FIG. 6 is a diagram showing a snapshot of an integrated circuit layout depicting corrected shorts between signal routing and metal fill rectangles in accordance with a metal fill insertion time reduction embodiment of the invention.

FIG. 7 is a diagram showing run-time value comparisons between typical metal fill insertion and a metal fill insertion methodology implementing reduced metal fill insertion time functionality according to an embodiment of the invention.

DETAILED DESCRIPTION

Embodiments of the invention will be illustrated herein in conjunction with exemplary integrated circuit design systems. It should be understood, however, that embodiments are more generally applicable to any integrated circuit design systems in which it would be desirable to reduce the time associated with the metal fill insertion process.

FIG. 1 is a diagram showing an integrated circuit design system with metal fill insertion time reduction functionality according to an embodiment of the invention. As shown, system 100 includes a computer aided design (CAD) system 102. The CAD system 102 includes a processor device 104 coupled to a memory 106, and a display 108. The CAD system 102 also includes a network interface 110, coupled to the processor 104, for permitting the CAD system 102 to communicate with other systems and devices over one or more networks. In one embodiment, network interface 110 comprises one or more transceivers. The processor device 104 implements a metal fill insertion module 112 with time reduction functionality for reducing the metal fill insertion time in an integrated circuit design in a manner disclosed herein. The metal fill insertion module 112 operates in conjunction with a place and route tool (module) 114. The CAD system 102 also includes other design system tools 116. The place and route tool 114 and the other design system tools (modules) 116 are shown in FIG. 1 as being stored in memory 106. However, it is to be understood that parts or all of tools 114 and 116 are loaded and executed by the processor 104 when needed.

The place and route tool 114 generally inputs a netlist for a given circuit design and converts the netlist into a layout, snapshots of which are viewable on display 108 of the CAD system 102. As is known, the netlist is generated from one or more schematic diagrams of the particular integrated circuit design entered by the designer or some other individual via the CAD system 102. The place and route tool 114 performs placement and routing operations for each block of the integrated circuit design. As illustratively used here, a “block” is a designated functional area of the integrated circuit design and/or a designated physical area of the integrated circuit device upon which the design is fabricated. Other definitions of the term block are contemplated in alternative embodiments. The placement operation decides where to place electronic components, circuitry, and/or logic elements of the integrated circuit design on the integrated circuit device. The placement operation is then followed by the routing operation. The routing operation decides where to run the wires needed to connect the placed components, circuitry, and/or elements. The routing operation implements the connections while following predetermined rules and limitations associated with the overall integrated circuit fabrication process. The place and route tool 114 maintains a placement and routing database 118 which stores the layout location data for each placement and routing decision.

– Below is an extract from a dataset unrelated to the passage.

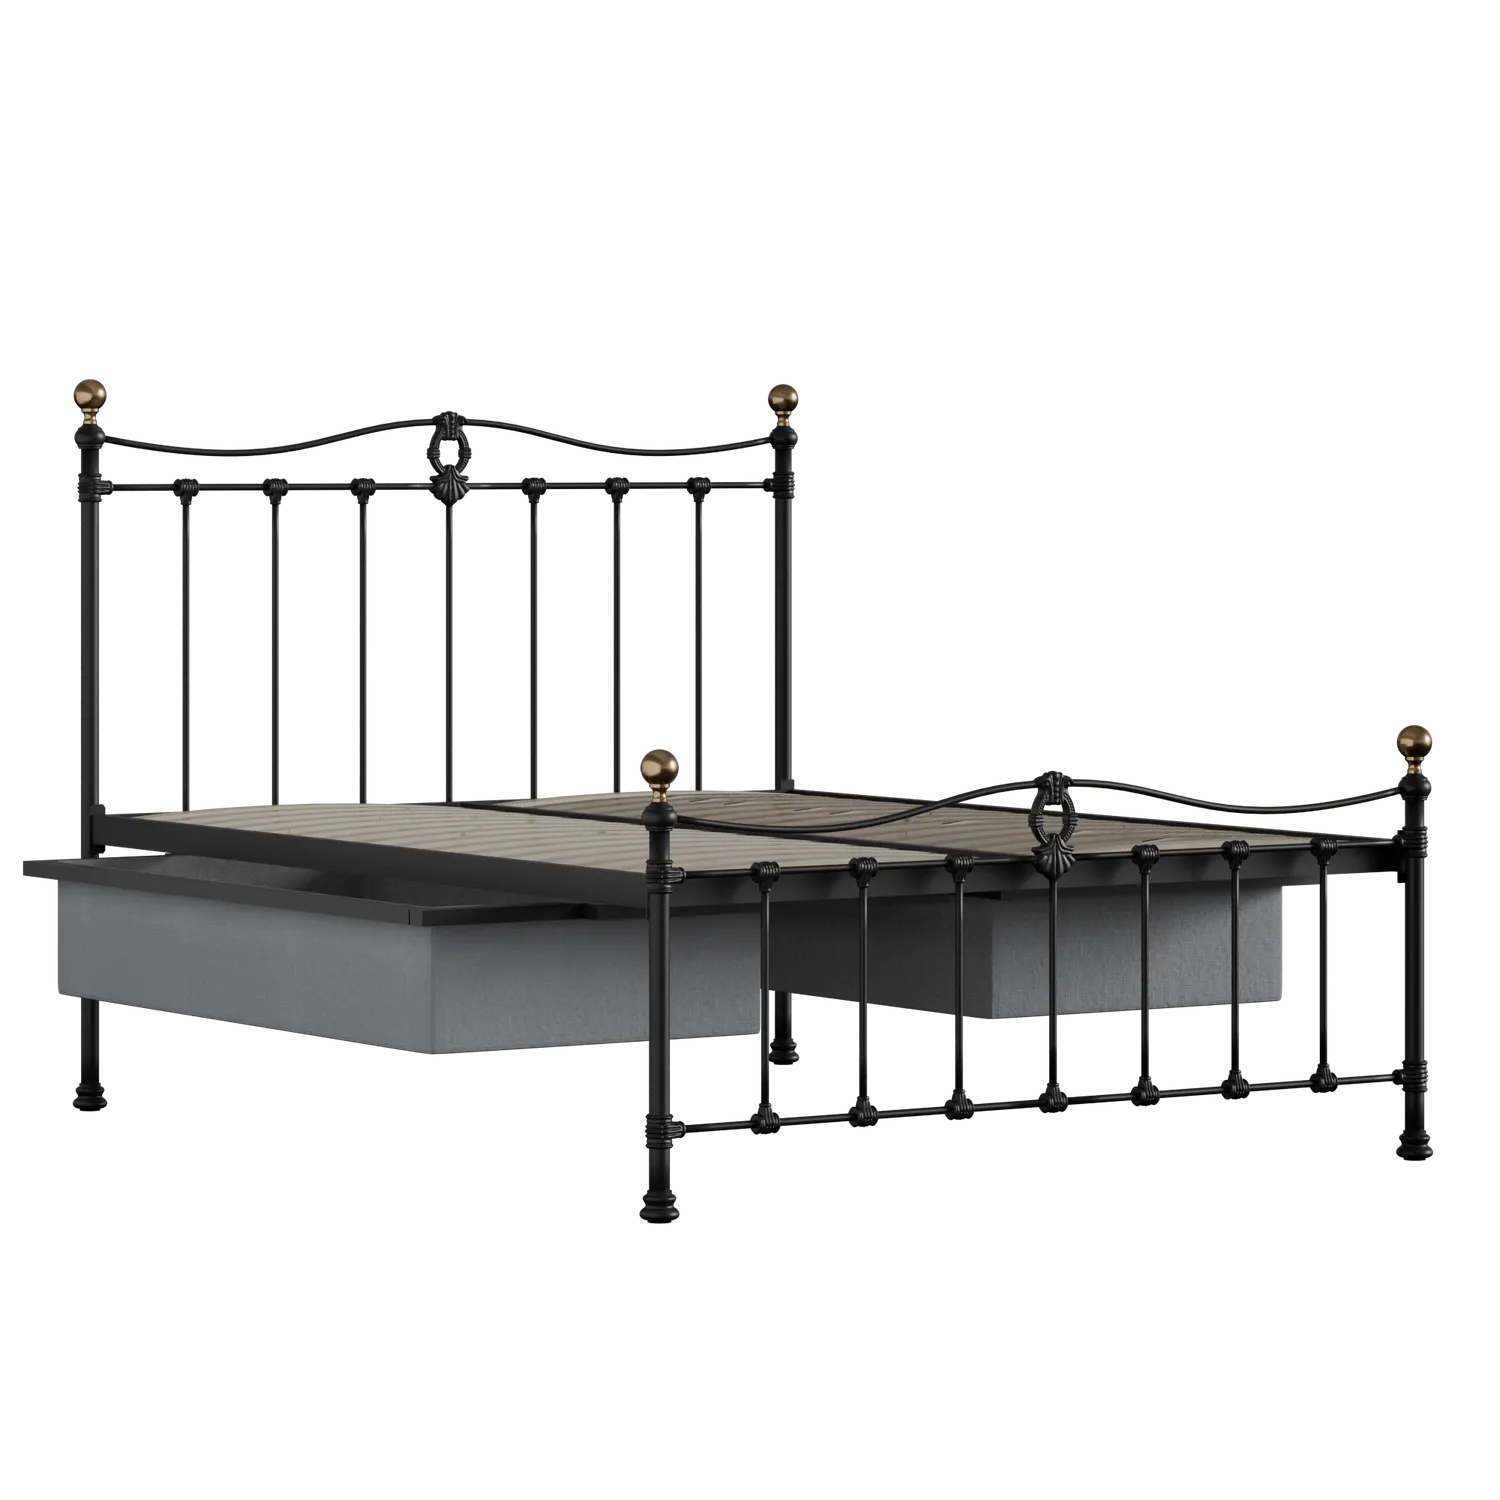 Tulsk Low Footend iron/metal bed in black with drawers

The other system design tools 116 include other functions and operations of an integrated circuit design system which are not the focus of embodiments of the invention and thus are not further described herein. For example, other system design tools 116 include, but are not limited to, a circuit simulation tool, a noise analysis tool, etc.

Elements such as 112, 114 and 116 are implemented at least in part in the form of software stored in memory 106 and processed by processor device 104. For example, the memory 106 may store program code that is executed by the processor device 104 to implement the metal fill insertion process with time reduction functionality of module 112 within an overall integrated circuit design process. The memory 106 is an example of what is more generally referred to herein as a computer-readable storage medium or other type of computer program product having computer program code embodied therein, and comprises, for example, electronic memory such as RAM or ROM, magnetic memory, optical memory, or other types of storage devices in any combination. The processor device 104 comprises a microprocessor, a central processing unit (CPU), an application specific integrated circuit (ASIC), a field programmable gate array (FPGA) or other type of processing device, as well as portions or combinations of such devices.

As further shown, the integrated circuit design system 100 in FIG. 1 also includes a wafer processing system 120 operatively coupled to the CAD system 102. In general, the CAD system 102 generates one or more masks, specific to the given integrated circuit design, and provides them to the wafer processing system 120. Using well known techniques, the wafer processing system 120 applies the one or more masks to the silicon die (wafer) during the fabrication of the given integrated circuit. It is to be understood that the integrated circuit design system 100 in FIG. 1 includes other systems, processes, and/or operations, not expressly shown, in alternative embodiments of the invention. A result of the integrated circuit design processes performed by the system 100 is integrated circuit 122 shown in FIG. 1.

The reduced metal fill insertion time functionality of module 112 generally reduces the so-called “turn-around-time” in the final phase of the timing closure process of the integrated circuit design. As will be explained in accordance with embodiments of the invention below, this time reduction is implemented, for example, by incrementally adopting already existing floating metal fill to changes in placement and routing in a given layout.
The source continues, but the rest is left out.